David C. Bote ( , born April 7, 1993) is an American professional baseball infielder in the Chicago Cubs organization. He made his MLB debut in 2018.

Amateur career
Bote attended Erie High School in Erie, Colorado as a freshman and later transferred to Faith Christian Academy in Arvada, Colorado. As a senior in 2011, Bote led Faith Christian to the 3A Colorado state title in baseball. Bote enrolled at Liberty University to play college baseball as a walk-on, but after a semester, transferred to Neosho County Community College in Kansas. During his lone collegiate season, he hit .419.

Professional career
The Chicago Cubs selected Bote in the 18th round, with the 554th overall selection, of the 2012 Major League Baseball draft. After Bote signed with the Cubs for $100,000 plus college tuition, he was assigned to the Arizona League Cubs where he batted .232 with one home run, 14 RBIs and seven doubles in 38 games.

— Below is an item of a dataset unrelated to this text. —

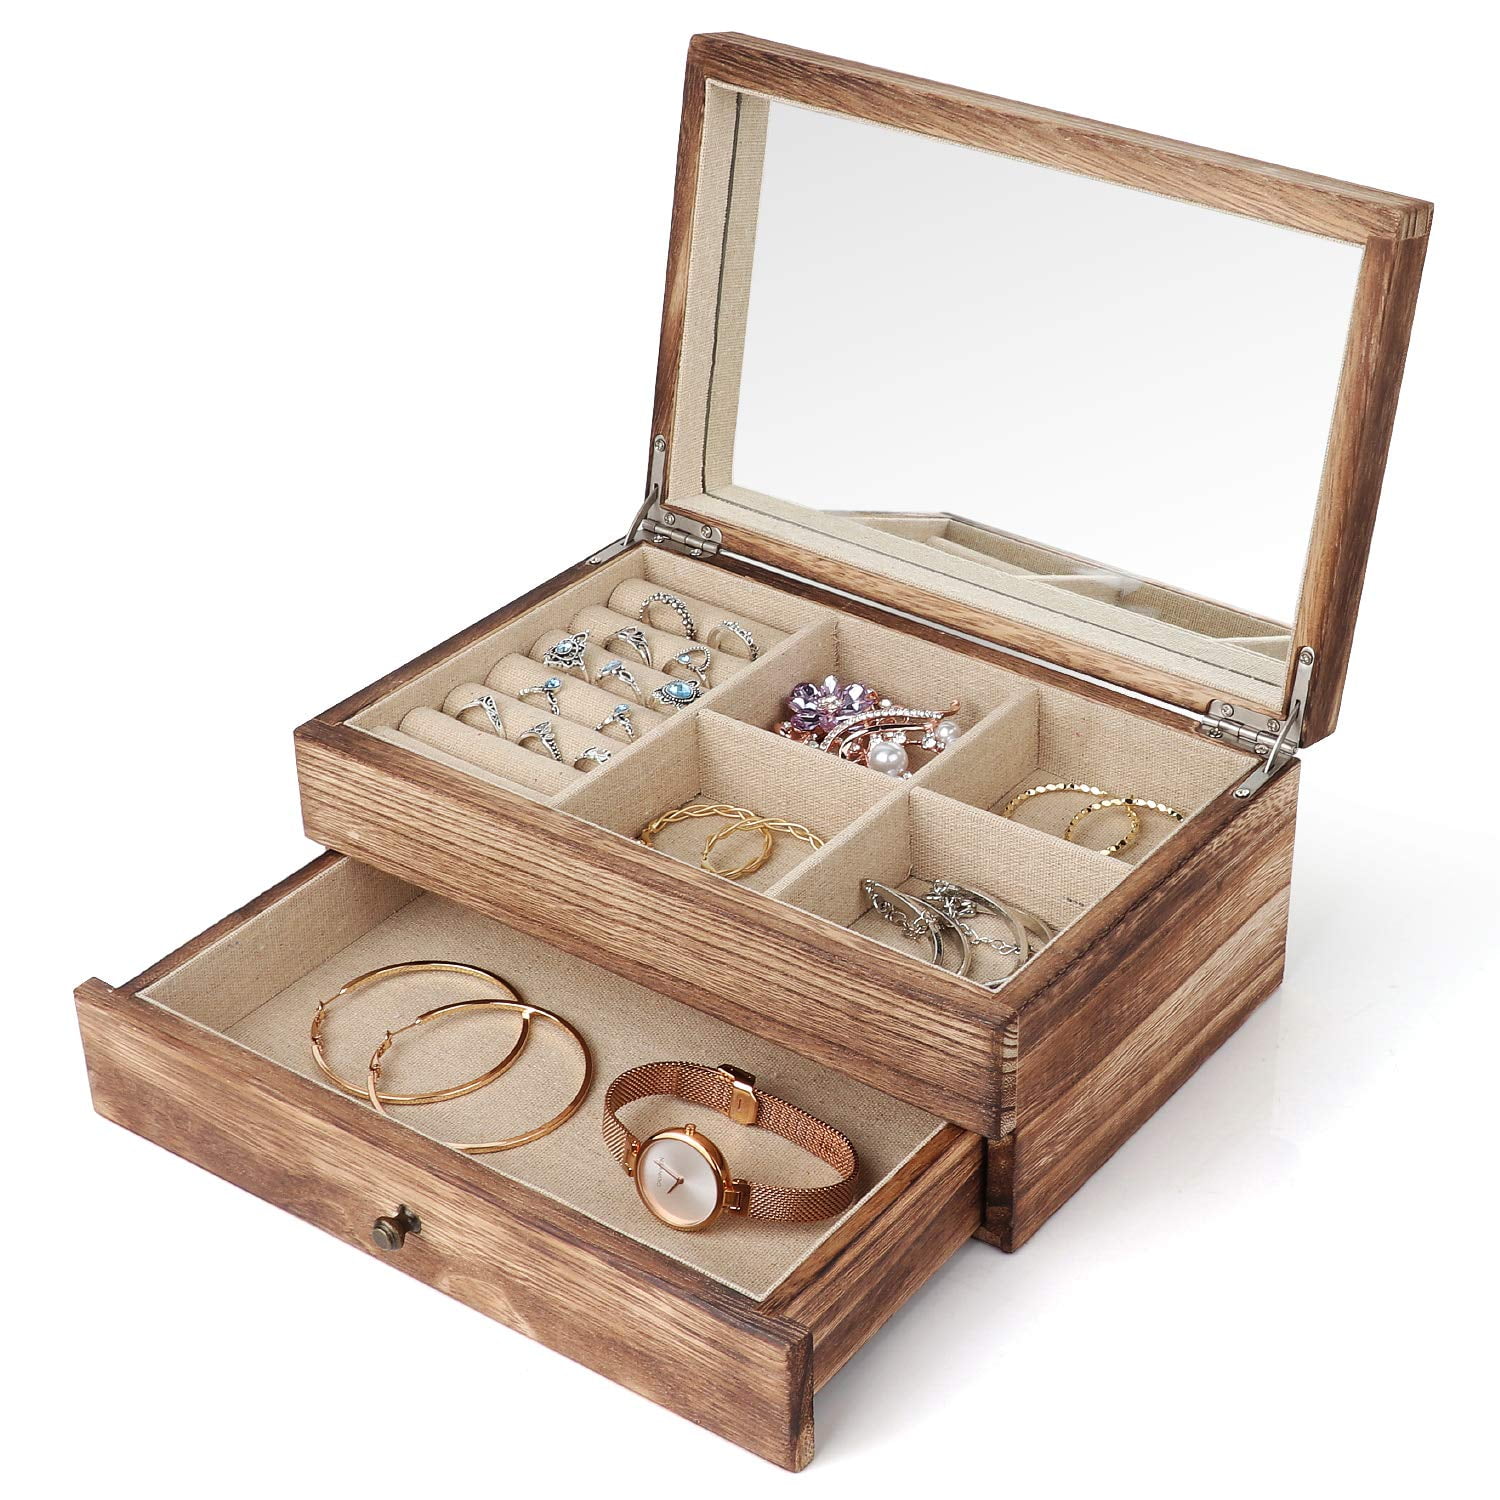 Wooden Jewelry Box With 3 Expandable Jewelry Boxes, Jewelry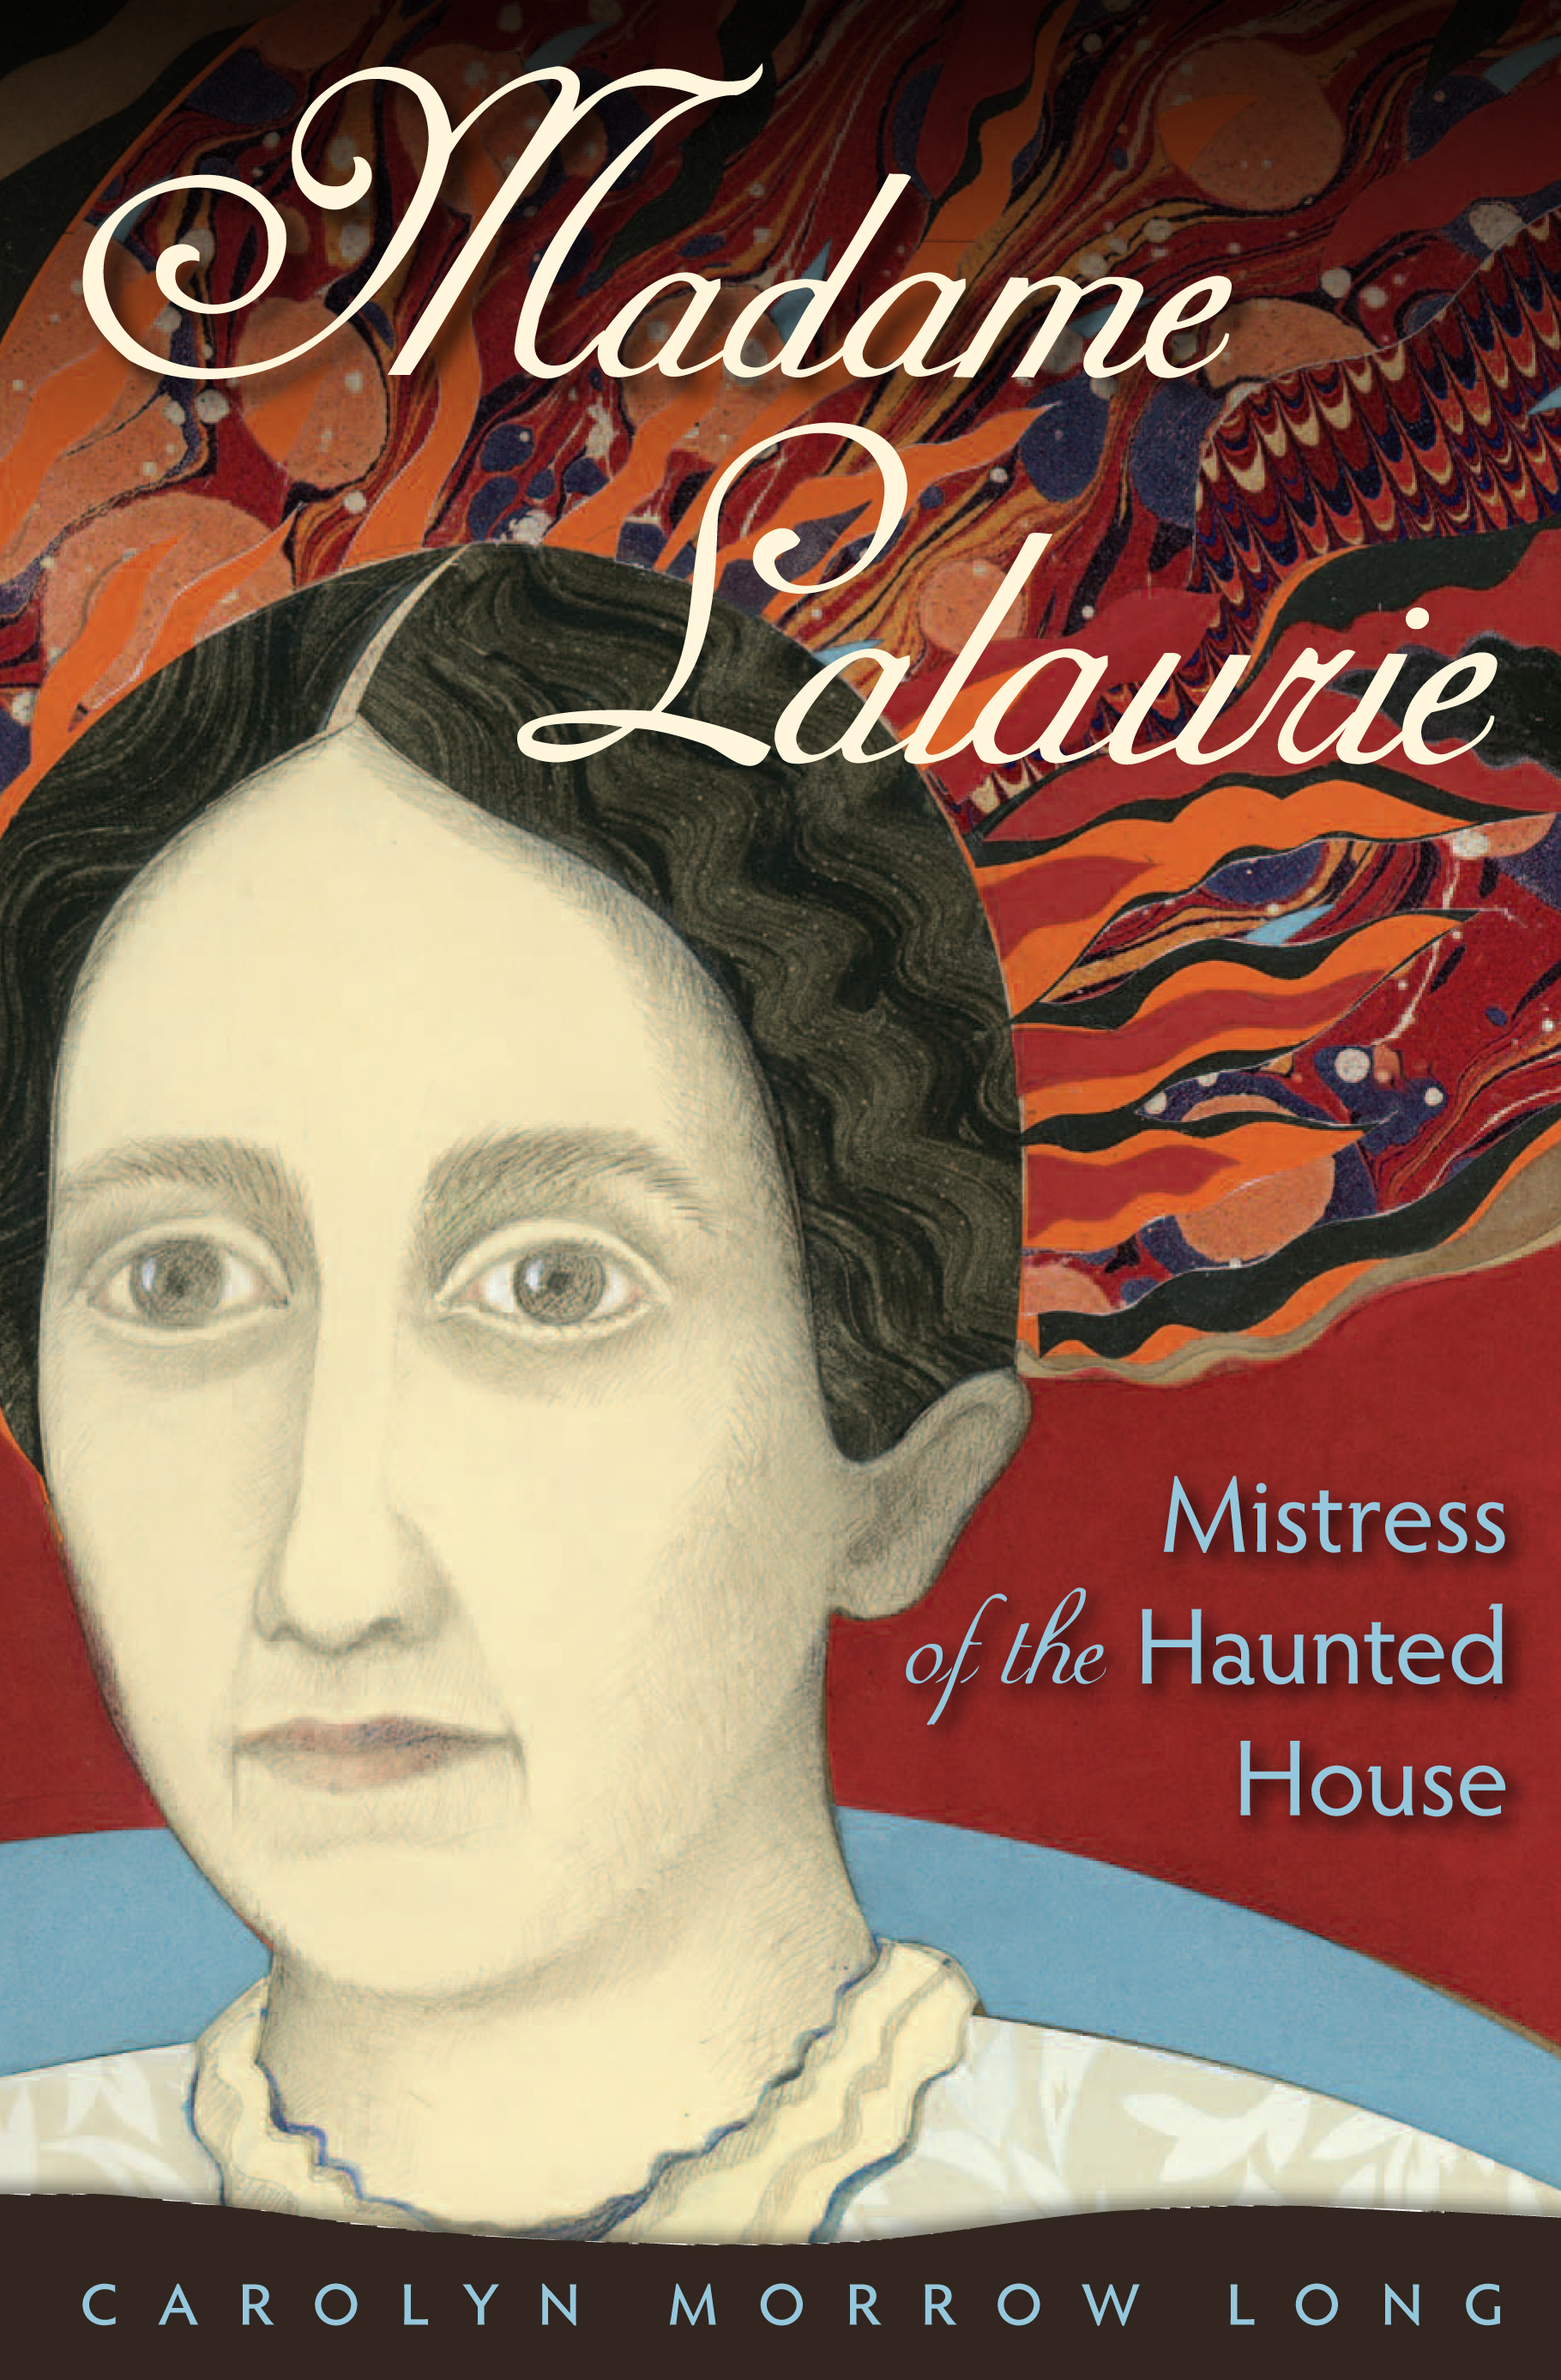 Madame-Lalaurie-Mistress-of-the-Haunted-House

He spent 2013 with the Daytona Cubs, Kane County Cougars, and Boise Hawks, posting a combined .227 batting average with seven home runs and 38 RBIs in 90 total games between the three teams, and 2014 with Kane County, Boise, and the Iowa Cubs, compiling a combined .235 batting average with four home runs and 40 RBIs in 99 games. In 2015, he played for the South Bend Cubs where he slashed .251/.328/384 with six home runs and 41 RBIs, and in 2016, he spent time with Iowa, the Tennessee Smokies, and the Myrtle Beach Pelicans, batting a combined .328 with seven home runs and 45 RBIs with an .892 OPS.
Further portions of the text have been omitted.